Kauder: Ich glaube, dass beides notwendig ist. Wir müssen sehr aufmerksam verfolgen, was vor Ort geschieht. Wir müssen bereit sein, Verfolgte, Verletzte und Bedrohte aus Syrien in Europa aufzunehmen. Darüber werde ich mit dem Bundesinnenminister und auch mit den Bundesländern in den kommenden Tagen reden. Ich würde mir sehr wünschen, dass wir hier ein Signal geben, eine Botschaft, dass wir auch für diese Menschen da sind.

 

SZ: In welcher Größenordnung soll Deutschland Flüchtlinge aufnehmen. Ein paar Tausend?

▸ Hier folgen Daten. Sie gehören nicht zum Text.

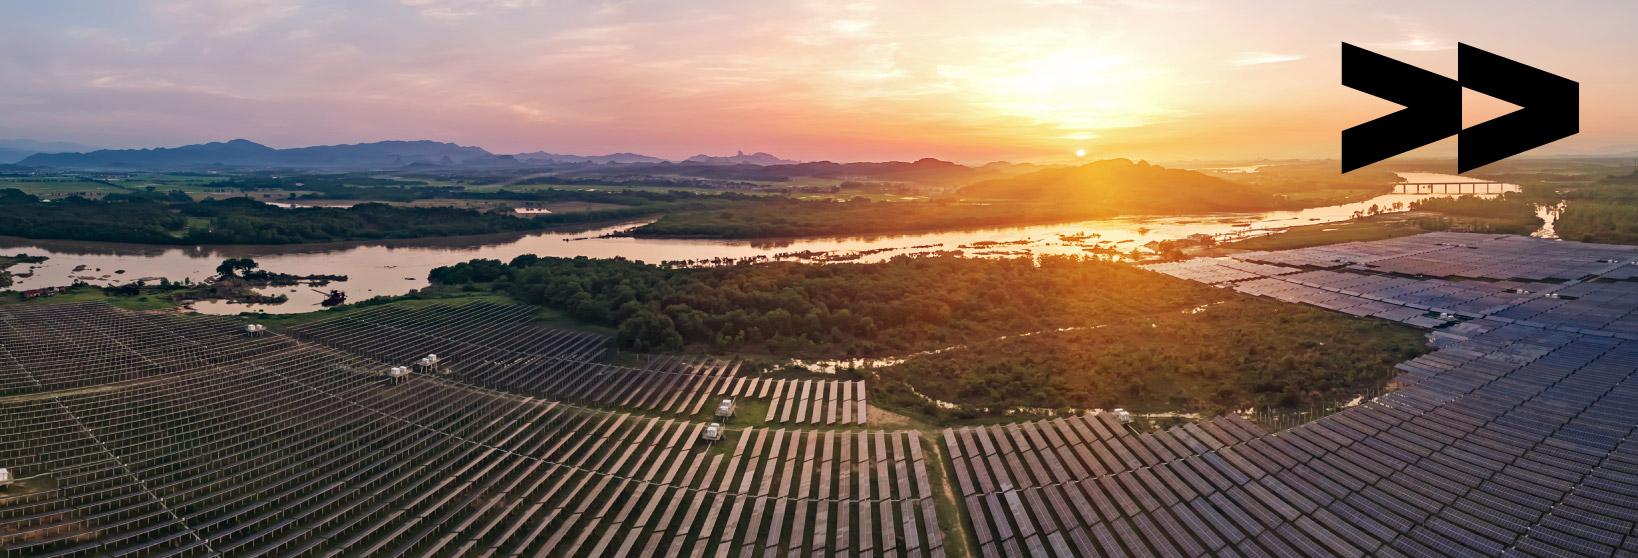 Energia Solar, sustentabilidade com eficiência e tecnologia

Kauder: Jede Zahl, die ich nenne, wäre falsch. Ich will mit dem Bundesinnenminister reden, welche Möglichkeiten wir haben. Und wir müssen dies auch auf die europäische Ebene bringen.  Man kann die Aufnahme der Flüchtlinge als humanitäre Hilfsaktion sehen, dann braucht man nicht das Asylrecht zu bemühen.

 

SZ: Wollen sie nur Christen aufnehmen?

Kauder: Nein, wir haben schon damals, als wir Flüchtlinge aus dem Irak aufgenommen haben, gesagt, dass es   um alle Menschen aus diesem Land geht. Aber natürlich werden viele Christen dabei sein, denn sie fliehen in erster Linie aus Syrien.

 

SZ: Wie schnell kann man Flüchtlinge aufnehmen?

Kauder: Das könnte innerhalb der nächsten Wochen geschehen, wenn wir die rechtlichen Voraussetzungen  schaffen können. Auch die beiden großen Konfessionen haben mich schon darauf angesprochen, hier etwas zu tun.